Localization phenomena in geological settings

Martin Paesold

    Research output: ThesisDoctoral Thesis

    266 Downloads (Pure)


    This thesis explores localization in geological applications in the context of multi-physics, nonequilibrium systems. The term multi-physics refers to systems that contain a mix of physical processes that are allowed to operate simulateneously. The thesis begins with an investigation of purely mechanical systems and reviews localized structures stemming from material nonlinearities. In later chapters further processes are considered and nonlinear effects due to feedback mechanisms are studied and we describe how these feedback mechanisms can lead to fascinating spatio/temporal structures.

    The simplest model considered here is that of a strut on aWinkler type foundation and it is well known that depending on the foundation characteristics various localized buckling patterns can emerge if the strut is under compression. Owing to the steady movement of tectonic plates the strut is deformed at a constant rate. We investigate how the buckling pattern evolves over time and offer qualitative interpretations of the observed behaviour.

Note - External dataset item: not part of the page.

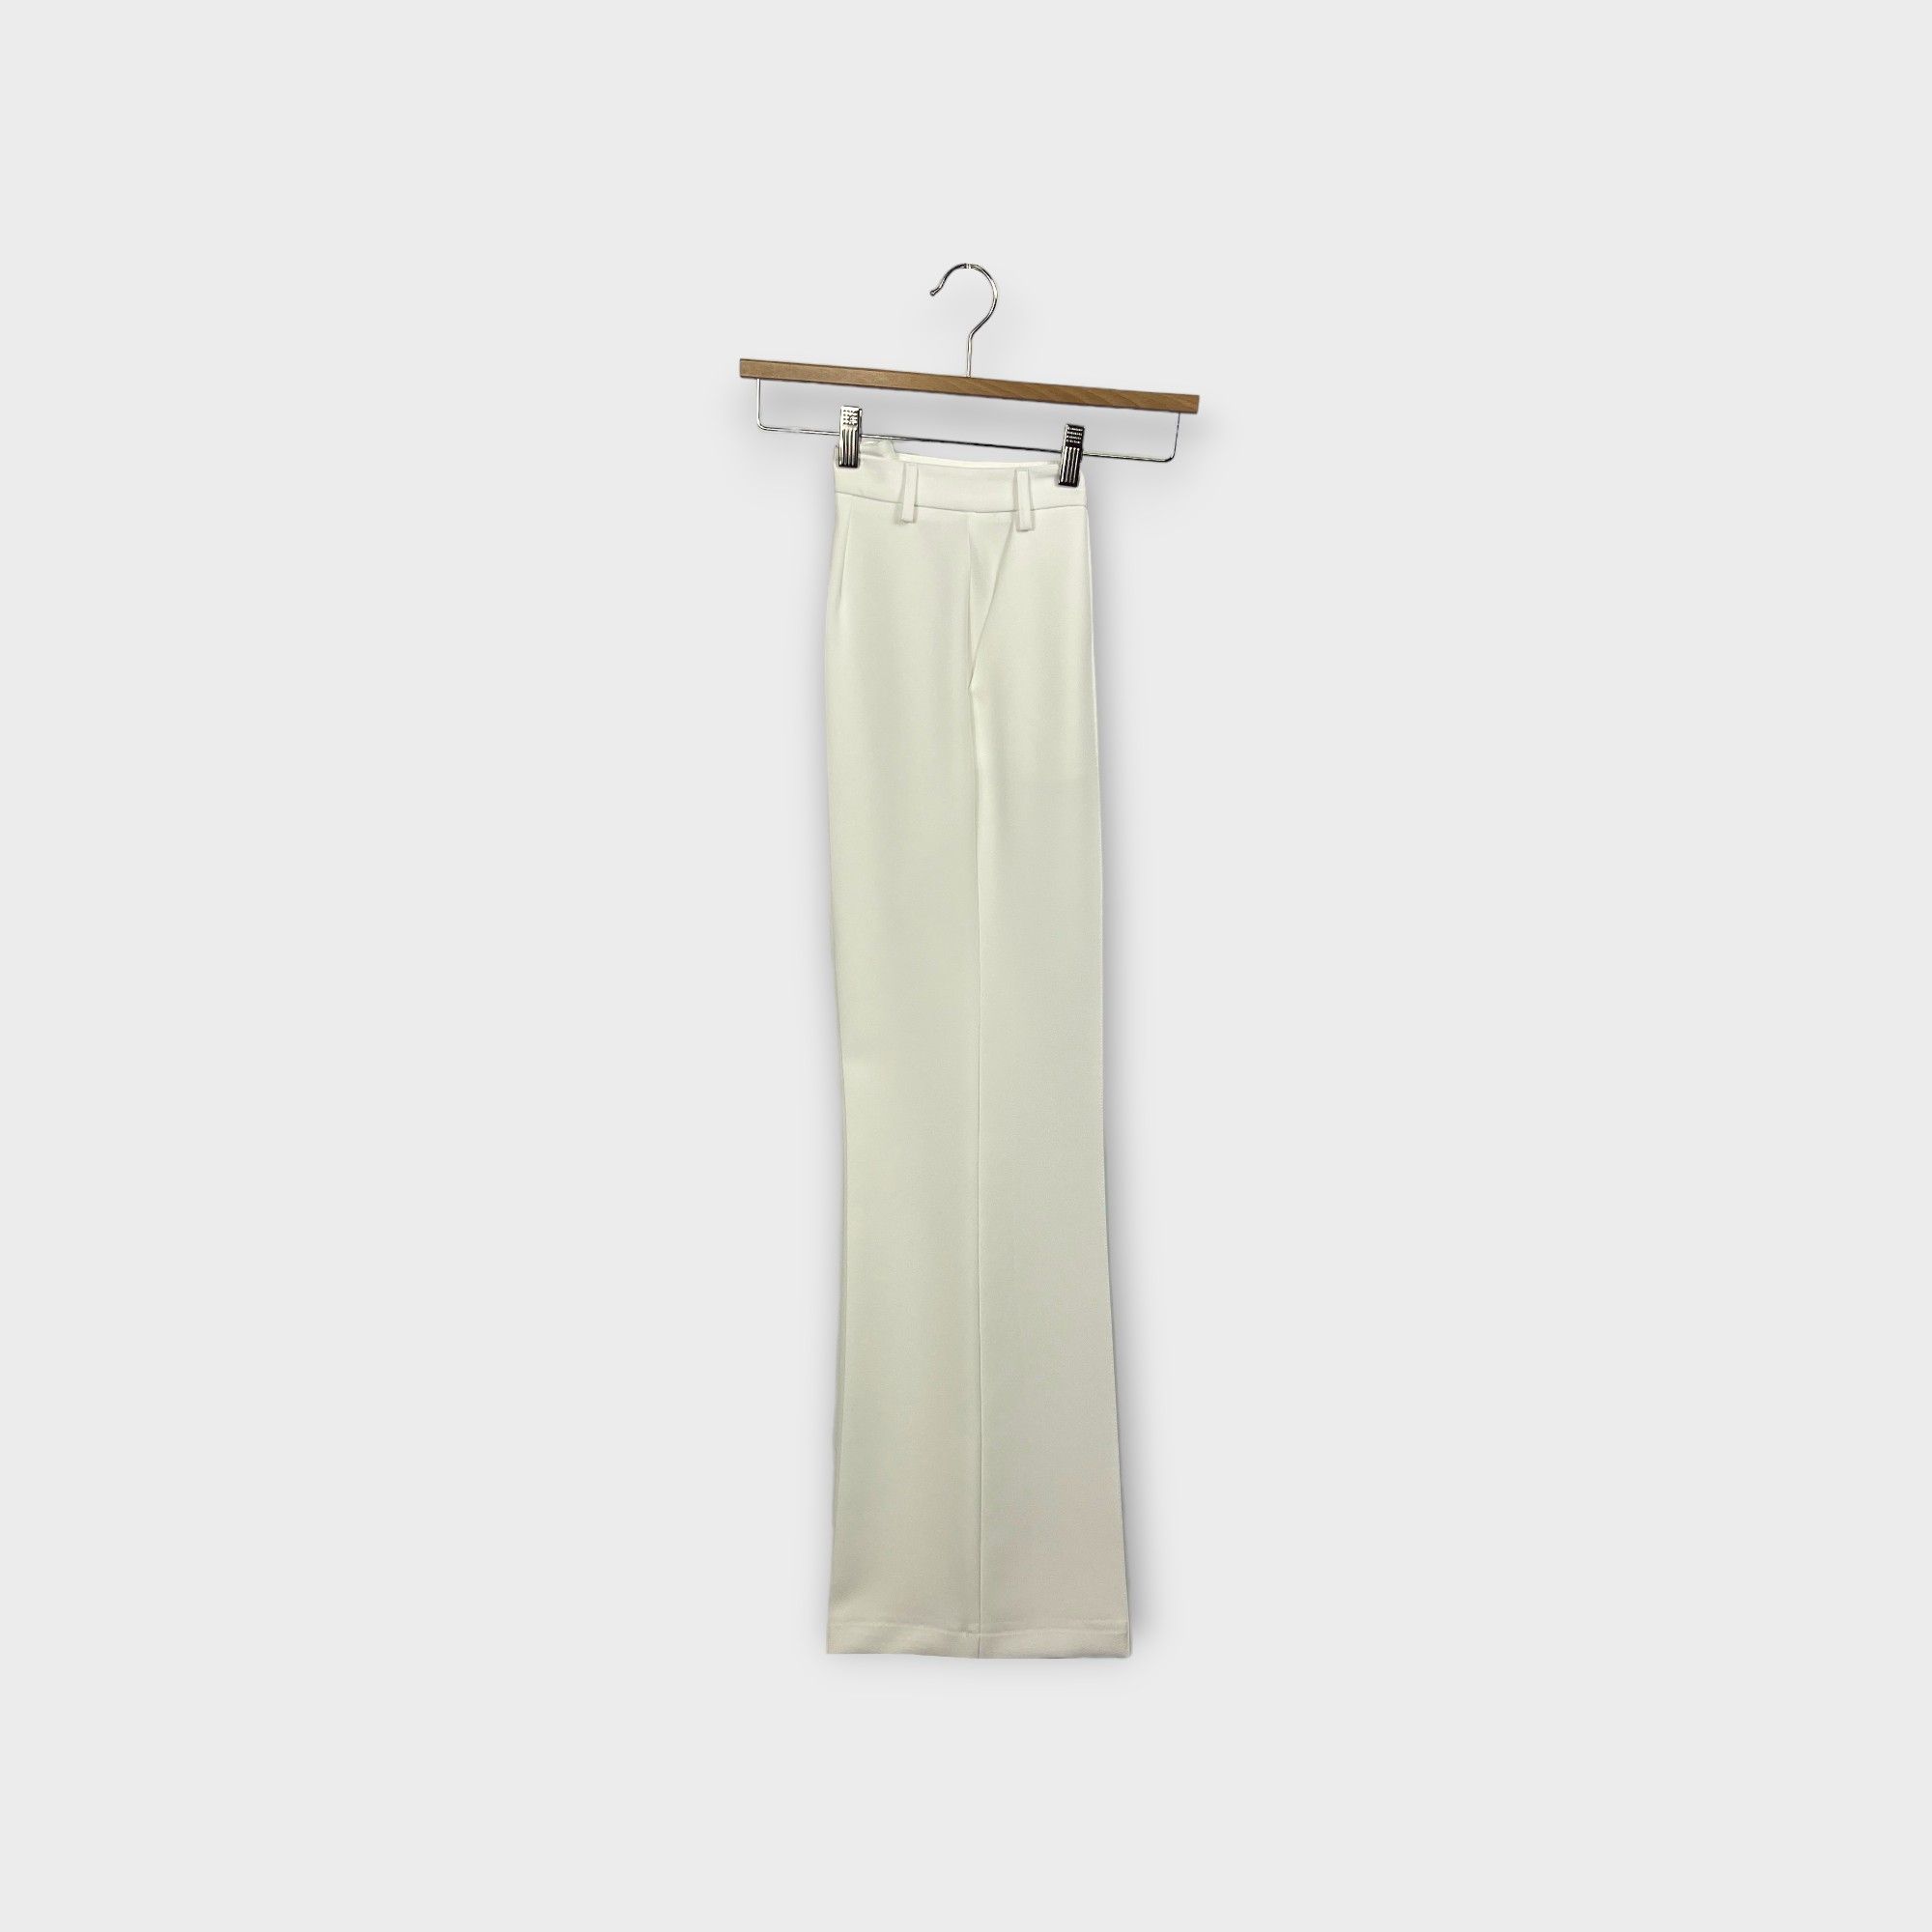 images/virtuemart/product/HELLEH Pantaloni donna modello palazzo leggermente scampanato al fondo in tessuto tecnico colore bianco 1.jpg

    Other localization patterns encountered in geological applications are the formation of shear zones. The chapter on energy based localization criteria introduces a generalization to the slip line field theory for application in such problems. The new formulation proposes a thermodynamic continuum-mechanic framework that fulfils the energy balance under consideration of the second law. The energy balance admits multiple steady states and, thus, this approach allows us to identify a critical mechanical dissipation parameter, here called the Gruntfest number, which separates loading conditions that lead either to homogeneous or localized plastic deformation. The geometry of the localized failure follows the generalized slip line pattern and this is used to simplify the semi-analytical solution of localization problem using the method of characteristics. The result is verified in numerical studies that are performed with the newly developed code REDBACK that is capable to handle thermo-mechanical coupling simultaneously. The structure of REDBACK is detailed here as well.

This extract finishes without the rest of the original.